Awash in my own childhood vitality (I was the same age then as David Shields's daughter is now), I hadn't in fact noticed my cat getting old. Moreover people seemed always the age they were. My grandparents were old people, my older brother was one of the "big kids" and my parents were Adults: all was static.

20+ years later - yesterday - I was throwing a large paper wad to my 5 year old cat and noticed she got bored of the game after about 3 minutes whereas when she was a kitten, I would get bored of the game after 30. Though the process is terribly slow, this time around I can already tell: my cat is dying. And since she's the same age as me in cat years, that means I'm dying too.

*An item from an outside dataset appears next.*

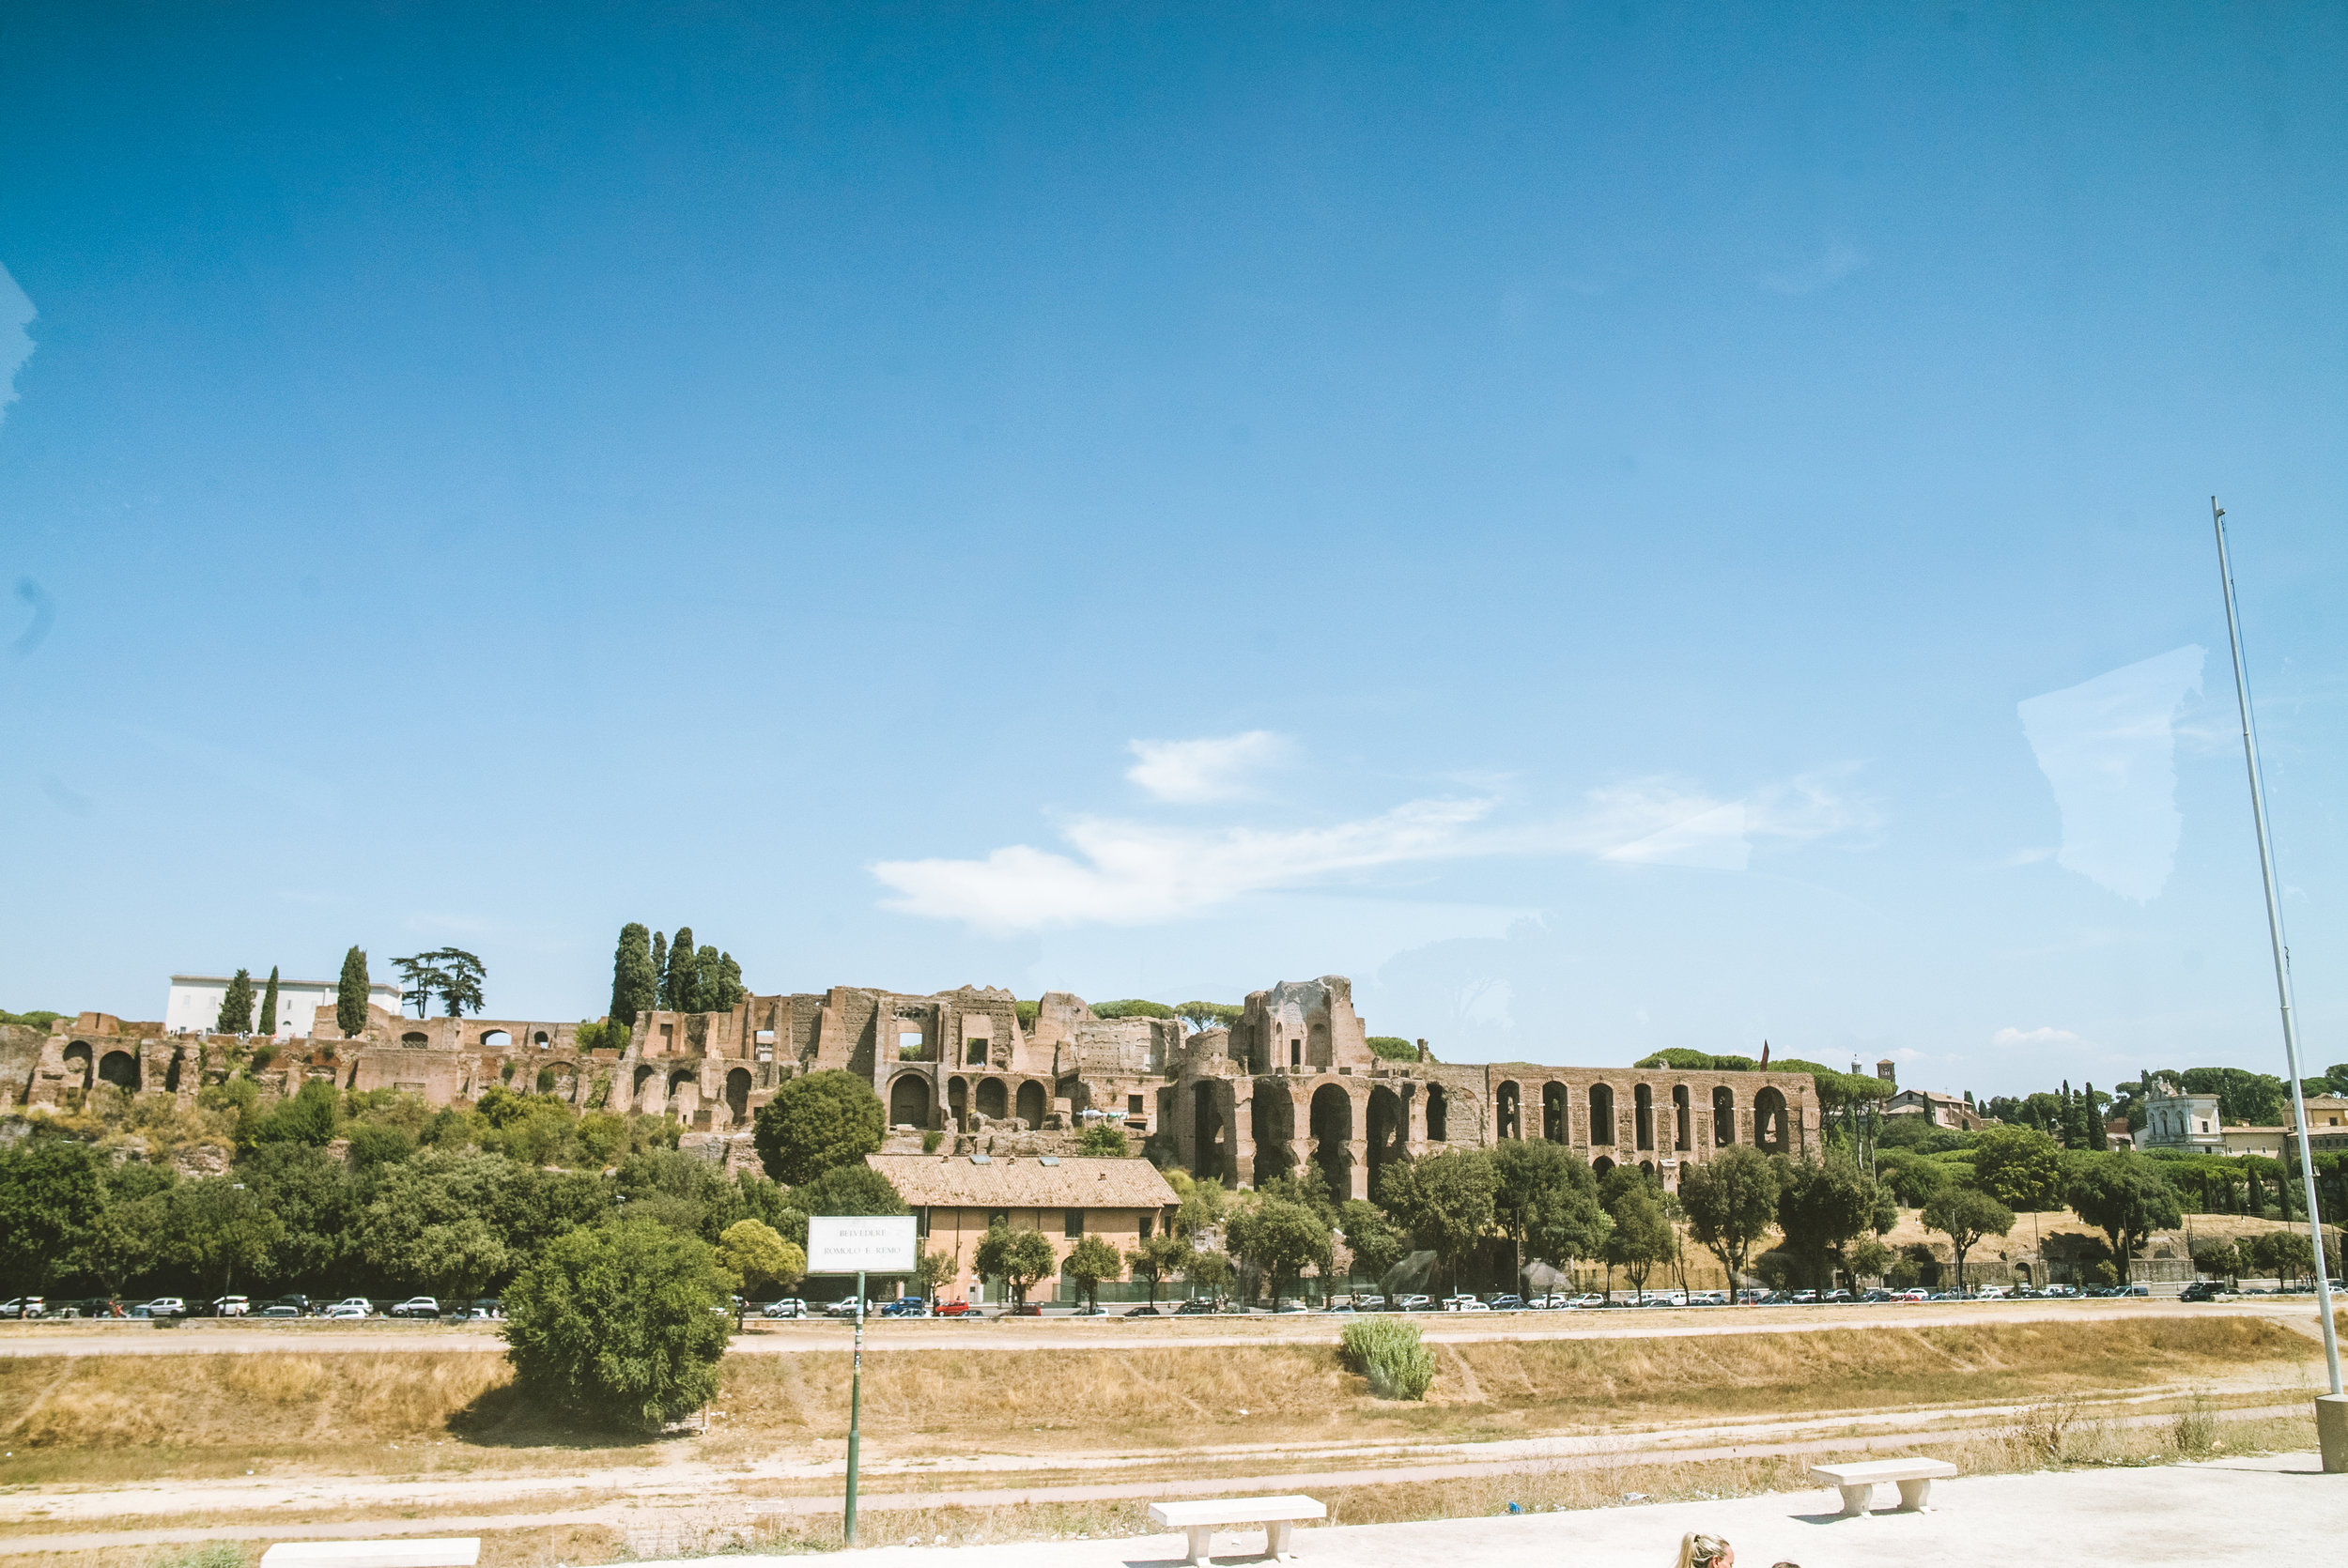 rome, italy photos

The great thing about The Thing About Life is that David Shields compiles a huge list of fascinating factoids about the body and mixes them with very personal memories in such a way that your mind is constantly abuzz with your own life (or your cat's) and mortality. If I'd had his phone number when reading the book I would have called him up just to chat; the book is like a fantasy joint therapy session to vanquish the very real but quite absurd fear of death. By making death (and decay) real, he makes it infinitely more tolerable and thanks to his maddening yet endearing father, the whole process almost looks fun.